Douglas v. Williams

405 S.W.2d 259, 240 Ark. 933, 1966 Ark. LEXIS 1428
CourtSupreme Court of Arkansas
DecidedMay 23, 1966
Docket5-3915
StatusPublished
Cited by5 cases

This text of 405 S.W.2d 259 (Douglas v. Williams) is published on Counsel Stack Legal Research, covering Supreme Court of Arkansas primary law. Counsel Stack provides free access to over 12 million legal documents including statutes, case law, regulations, and constitutions.

Bluebook
Douglas v. Williams, 405 S.W.2d 259, 240 Ark. 933, 1966 Ark. LEXIS 1428 (Ark. 1966).

Opinion

Osro Cobb, Justice.

On September 28, 1965, a school election was held in the Hartford School District No. 94, Sebastian County, wherein a bond issue involving a 5-mill tax increase was approved, covering the cost of construction of a new elementary school in said district. The measure carried by a vote of 242 to 214. On October 5, 1965, the county court of Sebastian County made and caused to be entered its order finding and declaring the regularity of said election and the passage of the additional millage tax for retirement of the bond issue. This action of the county court was taken in accordance with Ark. Stat. Ann. § 80-318 (Repl. 1960), which provides in part as follows:

“Within ten [10] days after the election the county court shall canvass the returns and declare the result of the election by an order entered of record.”

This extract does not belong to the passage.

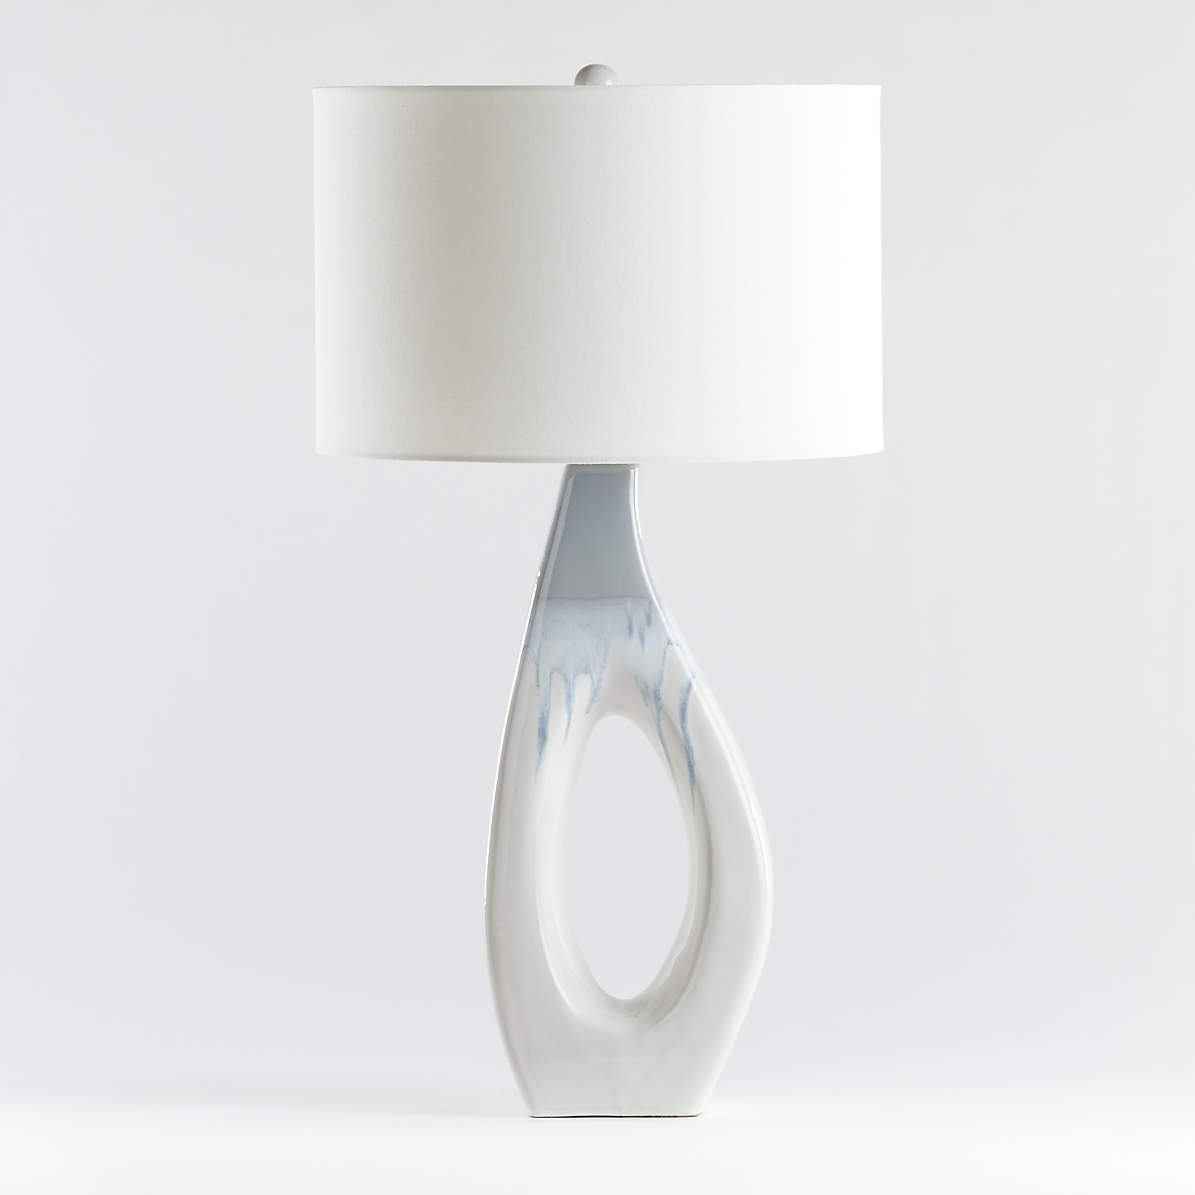 https://cb.scene7.com/is/image/Crate/NeveSculpturalTableLampSHS20/$web_pdp_main_carousel_zoom_med$/240201080719/neve-sculptural-table-lamp.jpg

Said act further significantly provides as follows:

“This order (of the county court) shall be final unless an appeal is taken from it to the circuit court within fifteen [15] days after it has been entered.” (Emphasis ours.)

Appellants, as citizens and taxpayers of said school district, brought a class action in chancery, seeking an order enjoining* the issuance or sale of bonds purportedly authorized by said election. Appellees responded by filing a motion for summary judgment to which was attached a certified copy of the order of the county court referred to above. We quote one paragraph from said motion for summary judgment:

‘ ‘ That the complaint and the entire file herein show that there is no genuine issue as to any material fact and that the moving party is entitled to judgment as a matter of law. ’ ’

Appellant’s original complaint alleged:

(a) That the resolution placing the millage question on the ballot was not properly adopted by the school board, in that proper notice, of the meeting of said board was not given and said resolution was not properly passed by a majority of the directors of the school district.

(b) That information furnished the State Board of Education by the appellees to obtain approval for said bond election was false.

(c) That the district did not have sufficient students to constitute a district.

(d) That the County Election Commission did not properly meet and set out precinct lines, that the judges at the voting precincts were not properly appointed, and that the results were not properly certified.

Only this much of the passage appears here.